Un annuncio trionfale. Un errore imbarazzante. E un interrogativo che resta: dove finisce la potenza dell’AI e dove comincia la nostra illusione?

Il trionfo che non lo era

Il 17 ottobre, Kevin Weil, supervisore della ricerca scientifica di OpenAI, pubblica su X un post che scuote il mondo della tecnologia:

“GPT-5 ha appena trovato la soluzione a dieci problemi irrisolti di Erdős e ha fatto progressi su altri undici.”

Un messaggio che, se fosse vero, segnerebbe un punto di svolta nella storia dell’intelligenza artificiale. Weil, fisico e matematico di Harvard, rilanciava un post del ricercatore Mark Sellke, celebrando un presunto miracolo computazionale. L’eco della notizia è immediata: riviste, forum, divulgatori. Tutti pronti a gridare al genio sintetico.

Ma qualcosa non torna. Perché la verità, come spesso accade, è più sottile del clamore.

La smentita e la realtà dei fatti

A riportare la storia con i piedi per terra è Thomas Bloom, matematico e curatore del sito erdosproblems.com, archivio dedicato alle celebri congetture di Paul Erdős.
Bloom interviene sui social, accusando OpenAI di una “clamorosa distorsione” dei risultati. Non c’era nessun trionfo matematico. GPT-5 non aveva risolto alcun problema nuovo: aveva solo trovato tracce di soluzioni già esistenti, pubblicate in articoli scientifici che il sito non aveva ancora aggiornato.

In altre parole, GPT-5 aveva scovato risposte già note, ma non le aveva create.
Il modello ha agito come un motore di ricerca iper-raffinato, non come una mente in grado di generare conoscenza. E questo mette in luce una questione cruciale: la differenza tra intelligenza e comprensione.

Cercare non è pensare. Ricomporre non è creare. È qui che l’AI mostra ancora i suoi limiti: l’abilità di trovare connessioni non coincide con la capacità di attribuire loro significato.

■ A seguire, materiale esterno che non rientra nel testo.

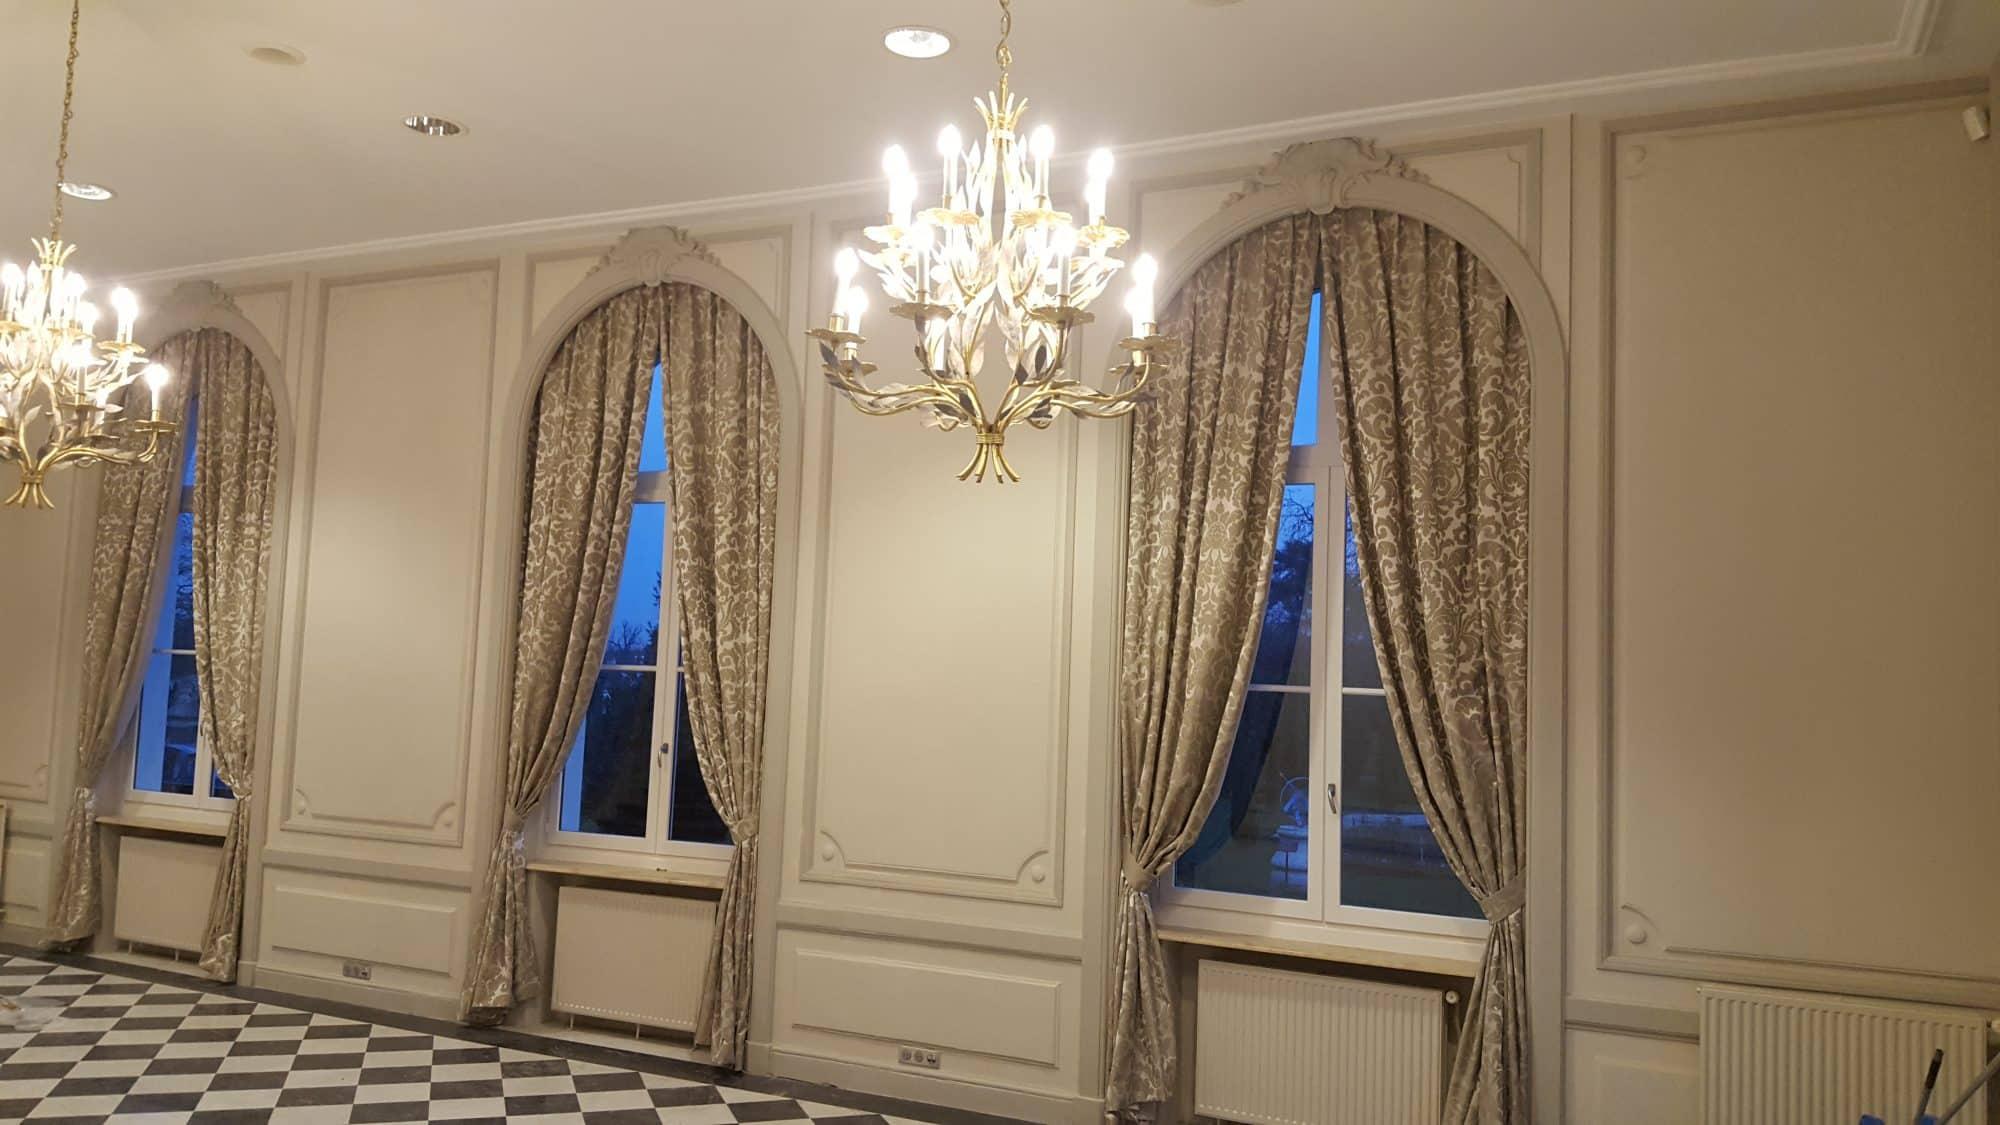 Etofea Rideaux Occultants Sur Mesure Pour Le Chateau De Buc

L’illusione della scoperta e la nostra responsabilità

Questo episodio, raccontato anche da Pier Luigi Pisa su Repubblica, non è solo una figuraccia di marketing. È una lezione sul rapporto tra uomo e macchina.
Abbiamo costruito strumenti in grado di analizzare miliardi di dati, ma non dobbiamo scambiarli per esseri pensanti. Se una macchina “scopre” qualcosa già noto, non è un fallimento dell’AI: è un fallimento del nostro modo di raccontarla.

Ogni volta che una notizia promette “miracoli” tecnologici, dovremmo chiederci: chi sta imparando davvero?
Forse non l’AI, ma noi. Perché episodi come questo ci ricordano che il valore dell’intelligenza non è nella velocità con cui risponde, ma nella coscienza con cui comprende.

L’AI può amplificare la conoscenza, ma senza una guida umana rischia di moltiplicare solo gli equivoci. Ecco il punto: l’intelligenza artificiale non è qui per sostituire il pensiero, ma per stimolarlo.
Sta a noi decidere se usarla per capire meglio il mondo o per illuderci di averlo già capito.